The numbers 5 to 9 each appear 5 times.
The digit 0 appears 4 times.
There are 4*14+5*5+4=85 occurrences altogether.
The probability that 0 will appear just once in six balls is\[6 \times (\frac{4}{85})(\frac{81}{84})(\frac{80}{83}) (\frac{79}{82})(\frac{78}{81}) (\frac{177}{80})\]
.The probability that 0 will appear twice in six balls is
\[\frac{6 \times 5}{2} (\frac{4}{85})(\frac{3}{84})(\frac{81}{83}) (\frac{80}{82})(\frac{79}{81}) (\frac{178}{80})\]
.The probability that 0 will appear three times in six balls is
\[\frac{6 \times 5 \times 4}{2 \times 3} (\frac{4}{85})(\frac{3}{84})(\frac{2}{83}) (\frac{81}{82})(\frac{80}{81}) (\frac{179}{80})\]

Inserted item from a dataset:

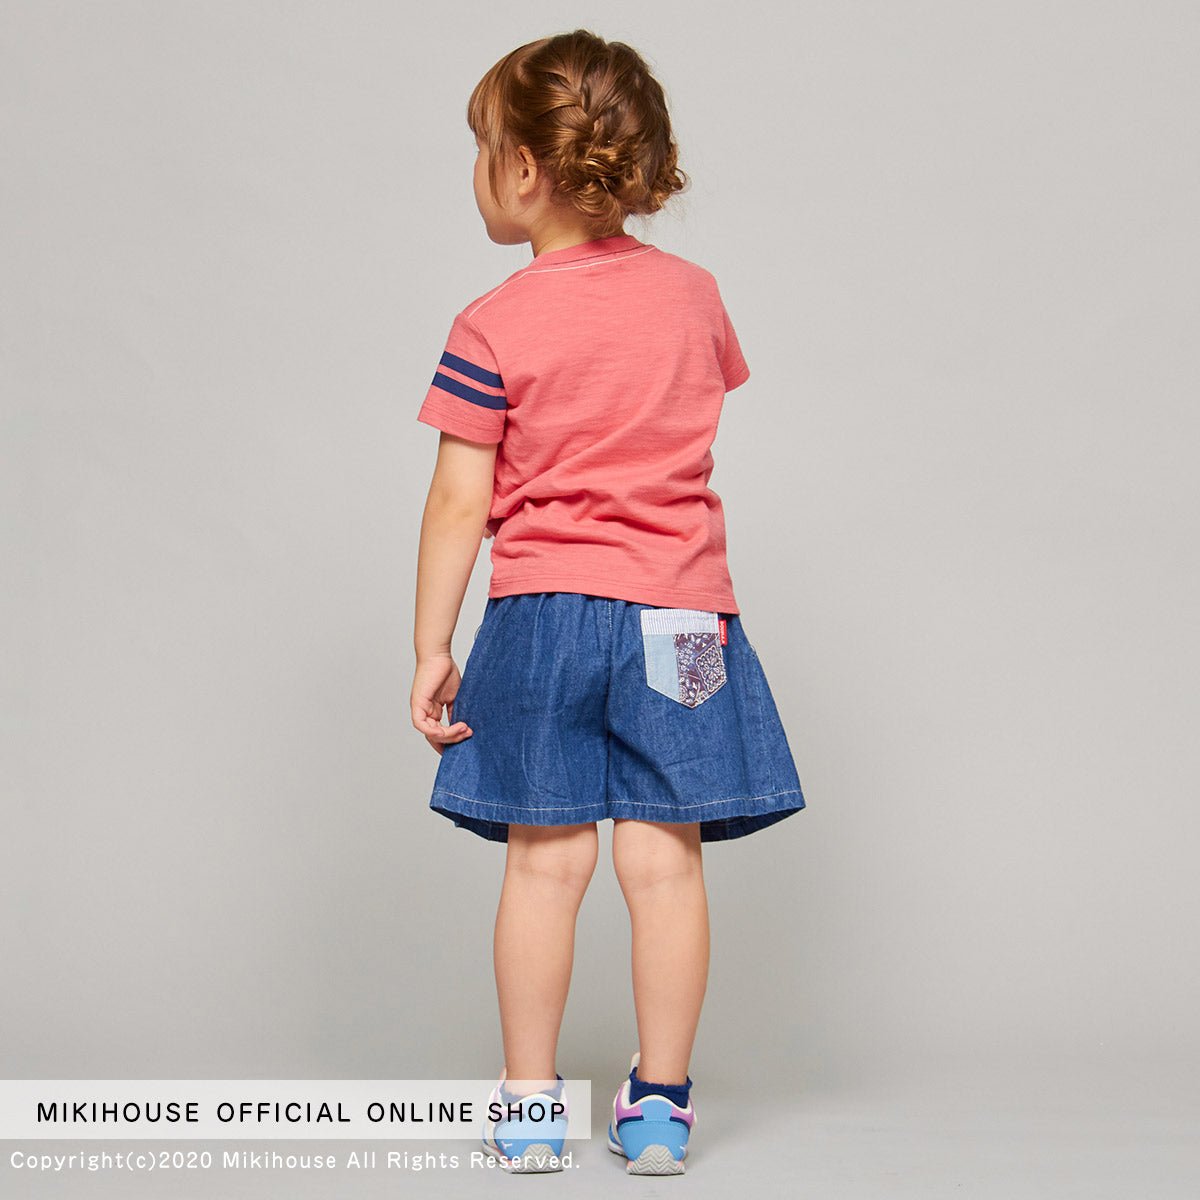 MIKI HOUSE & Mizuno Shoes for Kids - 61-9402-826-15-16
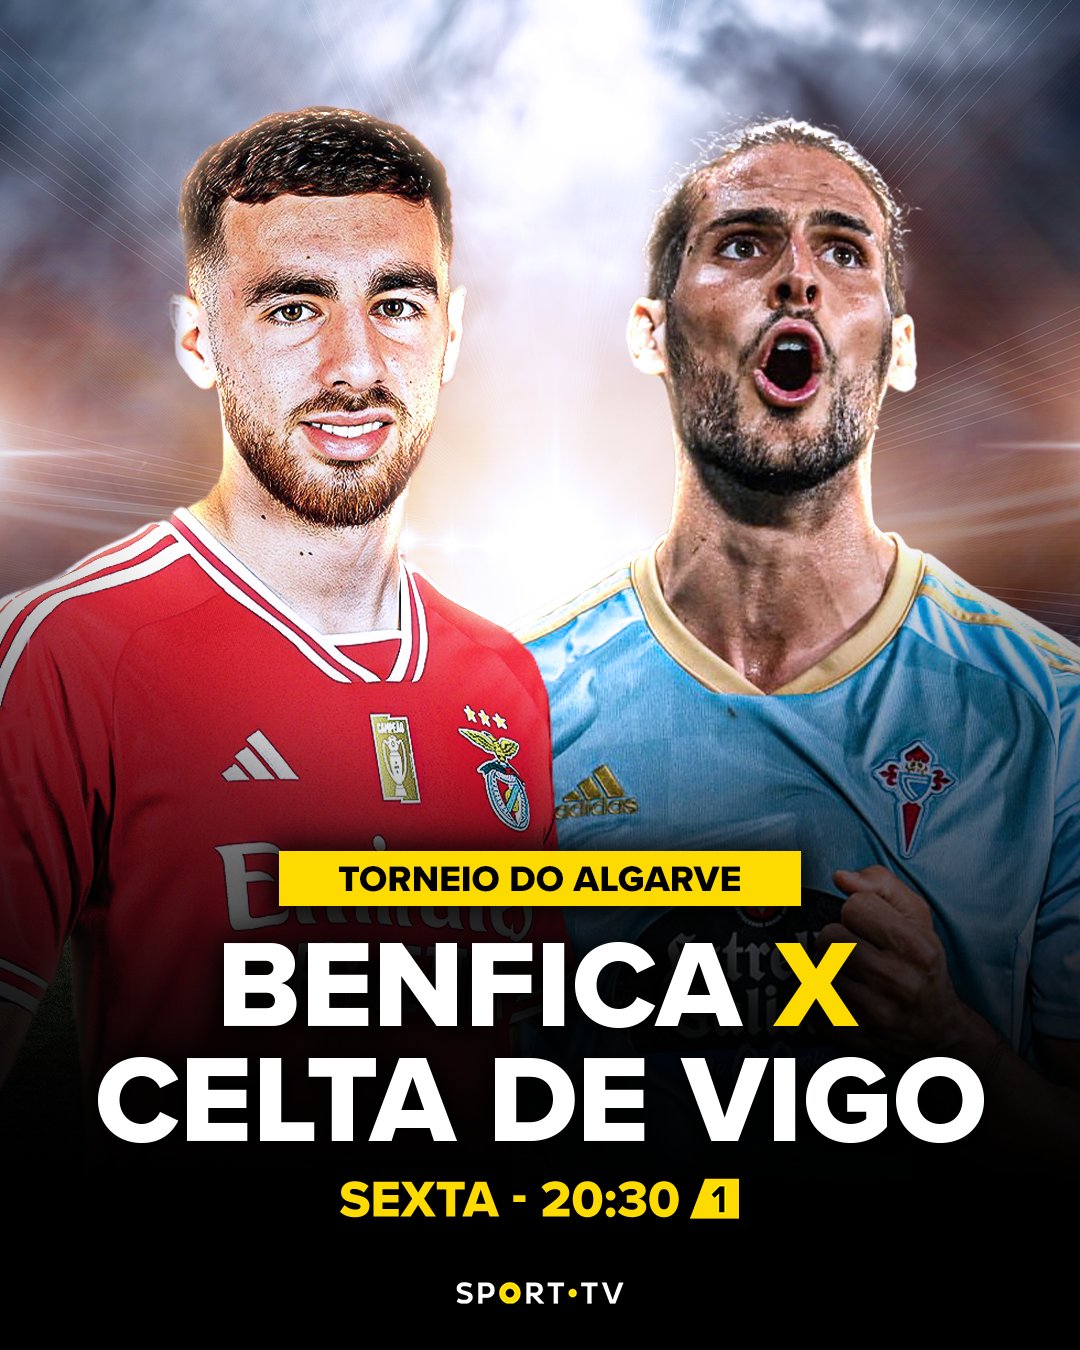 Futebol Divertido - A TVI está a transmitir online o jogo entre o Benfica e  o Celta de Vigo para quem vive no estrangeiro, para aceder e consegui  Ver mais

.The probability that 0 will appear four times in six balls is
\[\frac{6 \times 5 \times 4 \times 3}{2 \times 3 \times 4} (\frac{5}{85})(\frac{4}{84})(\frac{3}{83}) (\frac{2}{82})(\frac{80}{81}) (\frac{179}{80})\]
.The probability that 0 will appear five or six times in six balls is 0 since there are only four balls with 0 on them
The expected number of 0's is then
\[\begin{equation} \begin{aligned} \sum_1^6 x \times P(x 1's) &= 1
\times 6 \times (\frac{4}{85})(\frac{81}{84})(\frac{80}{83}) (\frac{79}{82})(\frac{78}{81}) (\frac{177}{80}) \\ &+ 2 \frac{6 \times 5}{2} (\frac{4}{85})(\frac{3}{84})(\frac{81}{83}) (\frac{80}{82})(\frac{79}{81}) (\frac{178}{80}) \\ &+ 3 \times \frac{6 \times 5 \times 4}{2 \times 3} (\frac{4}{85})(\frac{3}{84})(\frac{2}{83}) (\frac{81}{82})(\frac{80}{81}) (\frac{179}{80}) \\ &+ 4 \times \frac{6 \times 5 \times 4 \times 3}{2 \times 3 \times 4} (\frac{5}{85})(\frac{4}{84})(\frac{3}{83}) (\frac{2}{82})(\frac{80}{81}) (\frac{179}{80}) \end{aligned} \end{equation}\]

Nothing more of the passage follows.